**** RECORDS SUPPLIED

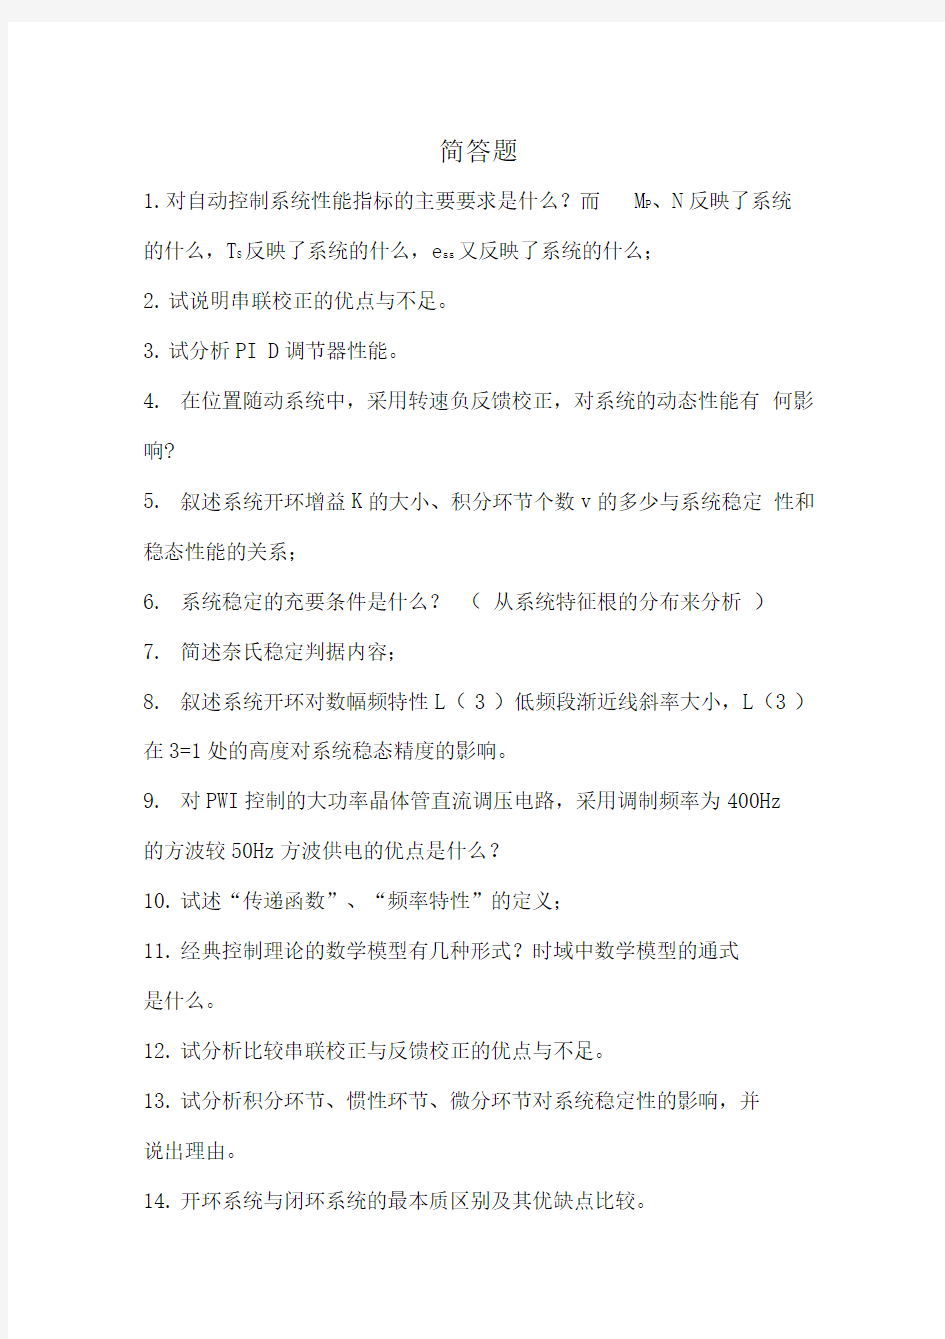 武汉理工大学机电工程学院复试控制工程总结
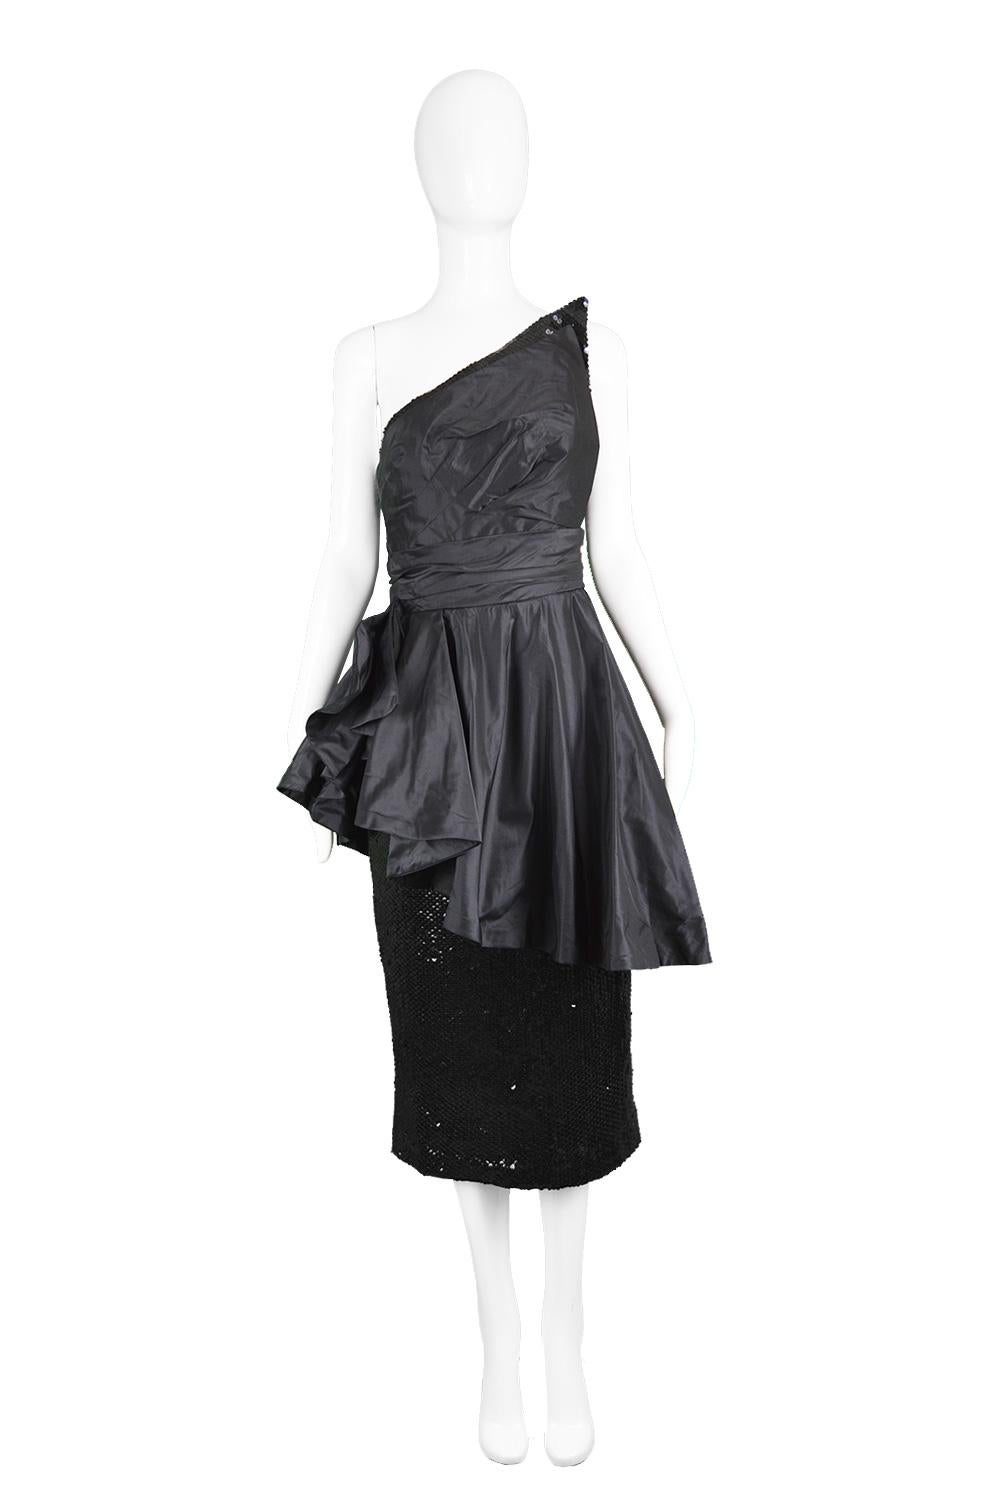 Mignon Vintage Black Sequin Silk Asymmetrical Origami One Shoulder Cocktail Party Dress, 1980s

Estimated Size: UK 6-8/ US 2-4/ EU 34-36. Please check measurements.
Bust - 32” / 81cm
Waist - 25” / 63cm
Hips - 36” / 91cm
Length (Bust to Hem) - 37” /
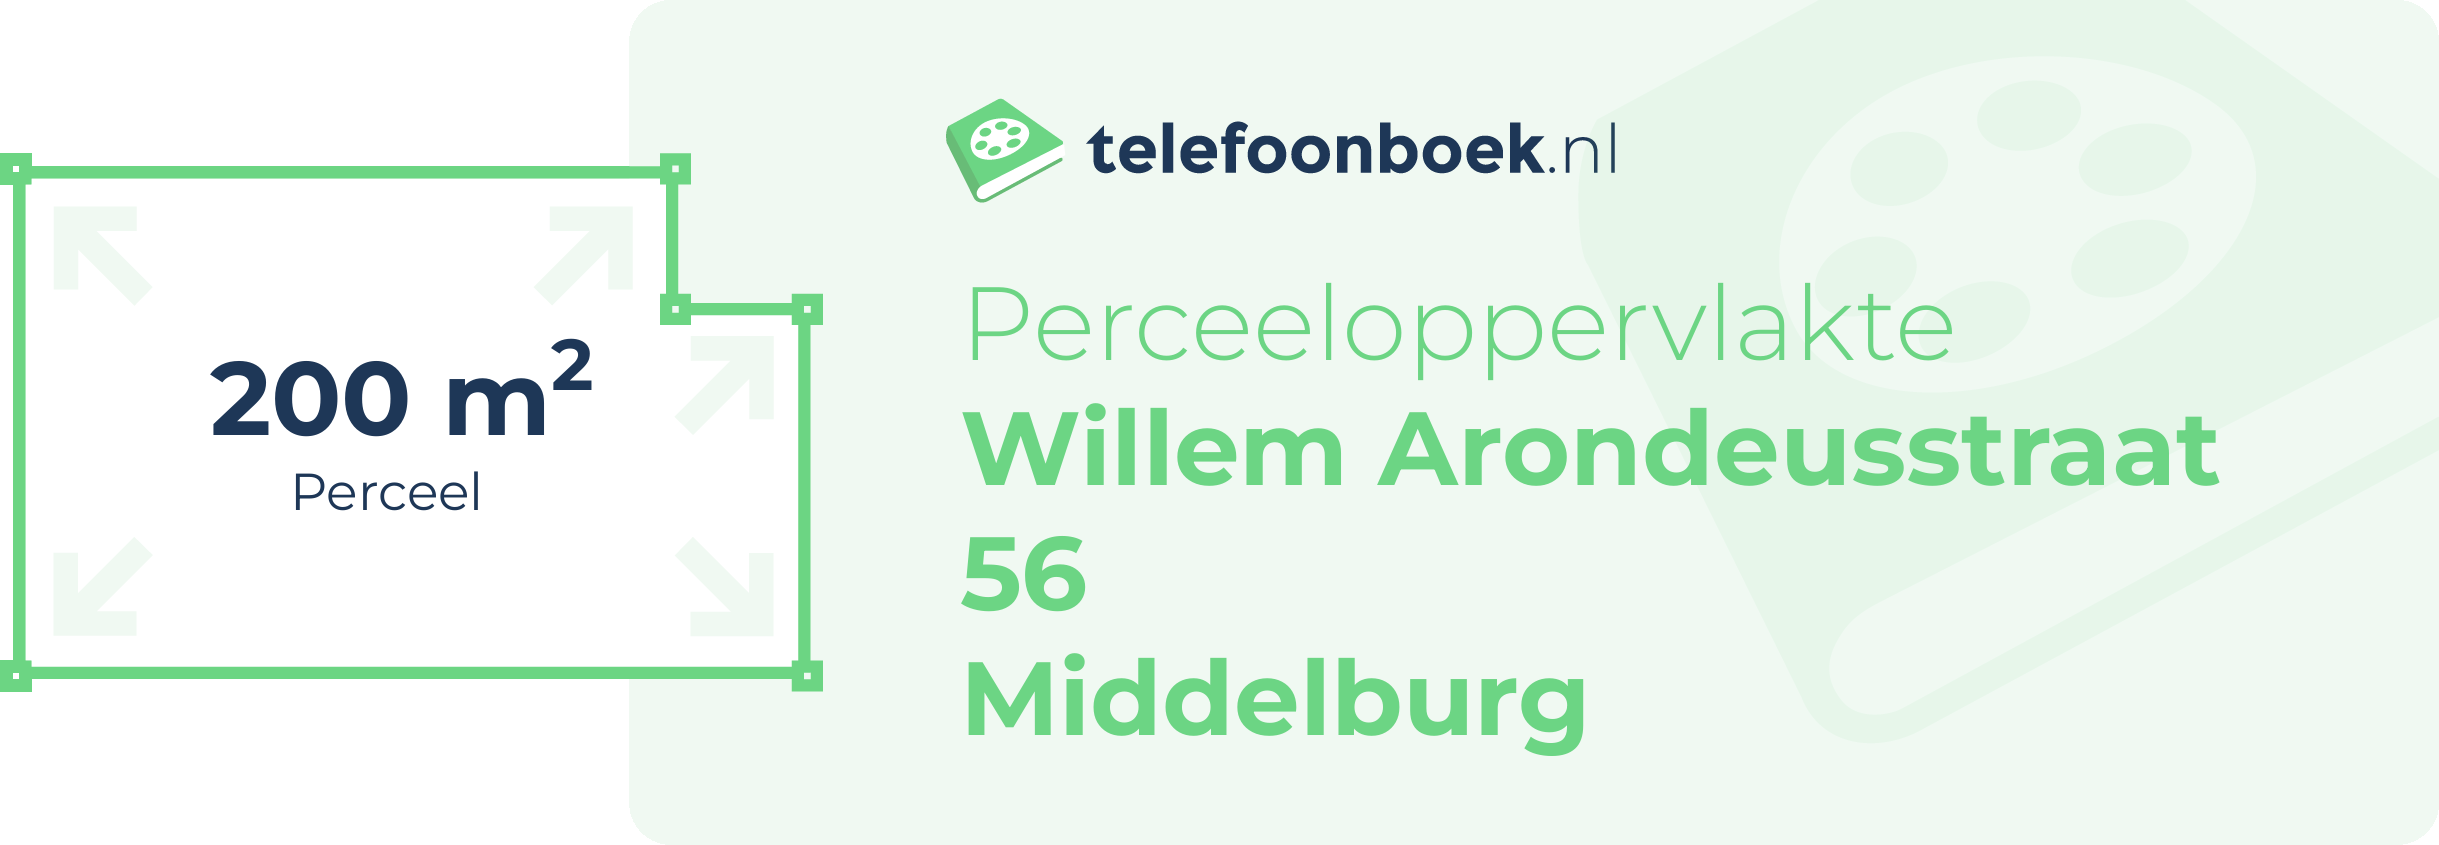 Perceeloppervlakte Willem Arondeusstraat 56 Middelburg
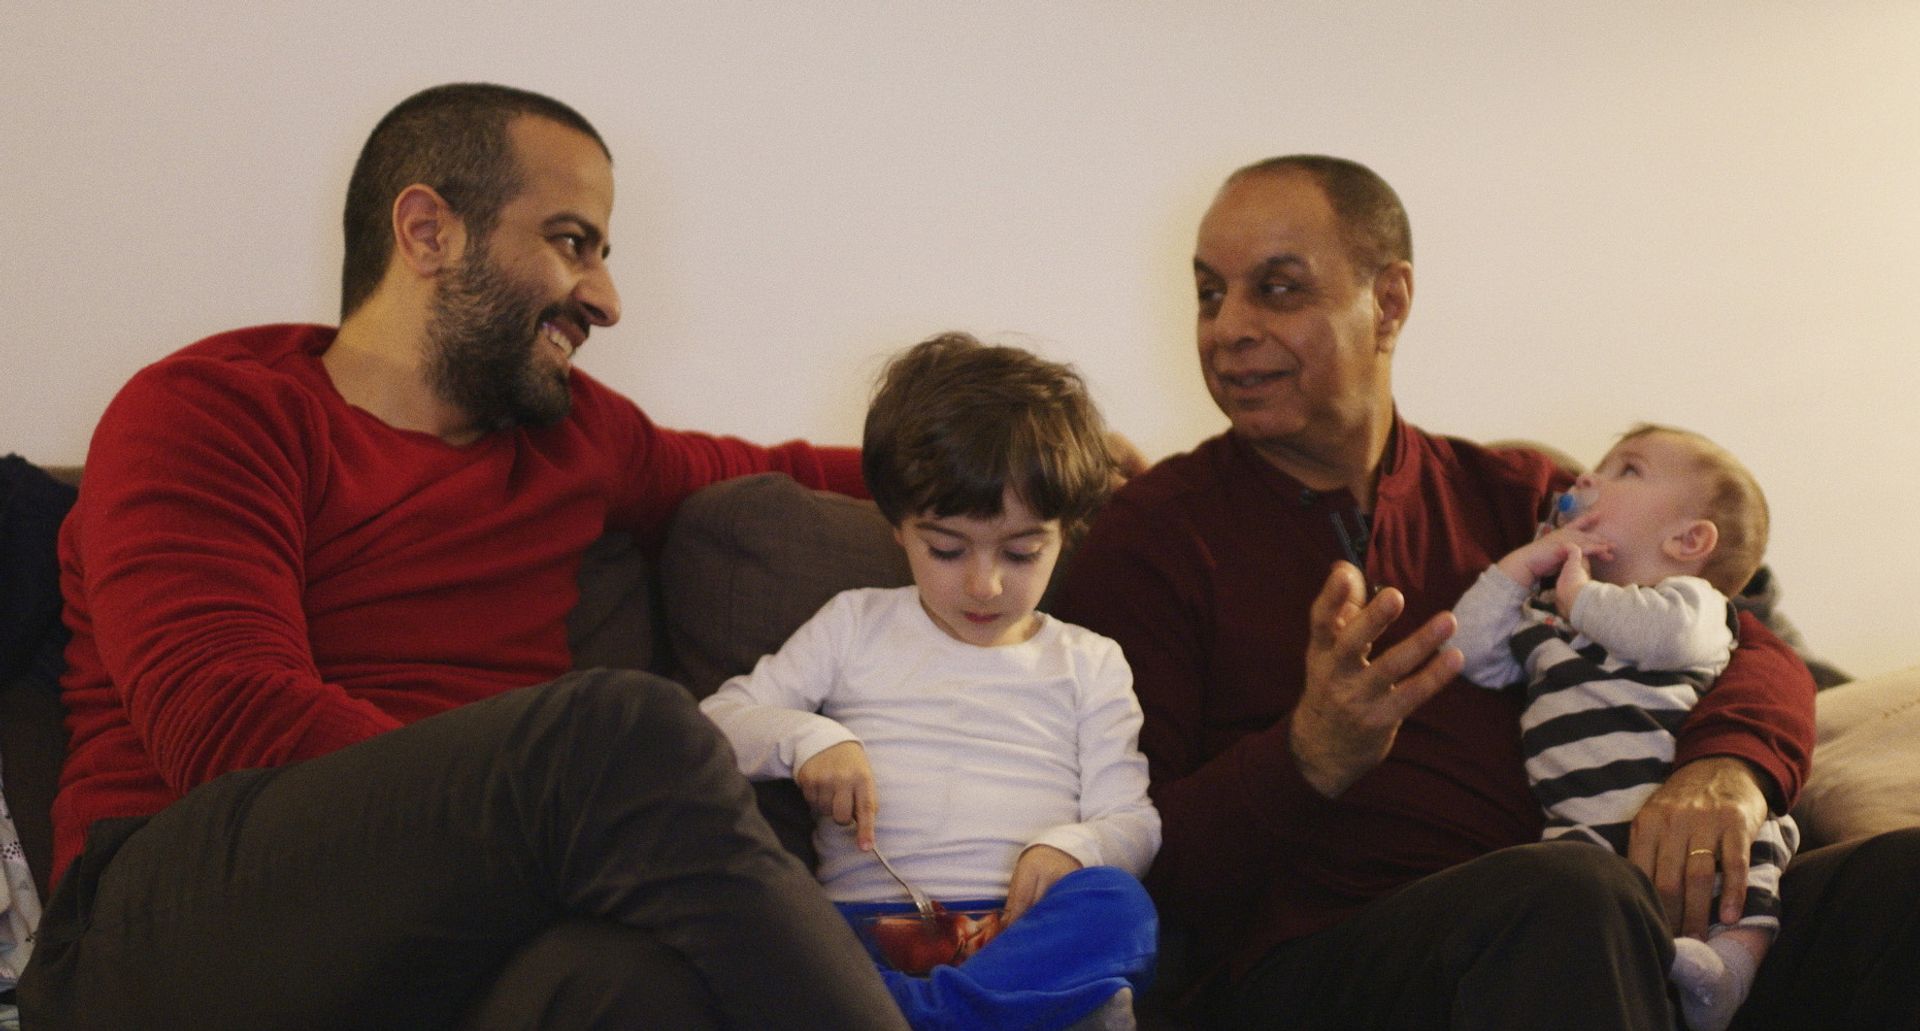 Verzwegen vluchtverleden besproken in EOdoc ‘Mijn vader, Nour en ik’

********

*WHAT IS EXPECTED:*
Reproduce nothing but the lines running from the line with "Mignon Vintage Black" through the end of the records, keeping both end lines and dropping the pictures.

*WRITTEN RESPONSE:*
 Mignon Vintage Black Sequin Silk Asymmetrical Origami One Shoulder Cocktail Party Dress, 1980s

Estimated Size: UK 6-8/ US 2-4/ EU 34-36. Please check measurements.
Bust - 32” / 81cm
Waist - 25” / 63cm
Hips - 36” / 91cm
Length (Bust to Hem) - 37” /
 Perceeloppervlakte Willem Arondeusstraat 56 Middelburg
 Verzwegen vluchtverleden besproken in EOdoc ‘Mijn vader, Nour en ik’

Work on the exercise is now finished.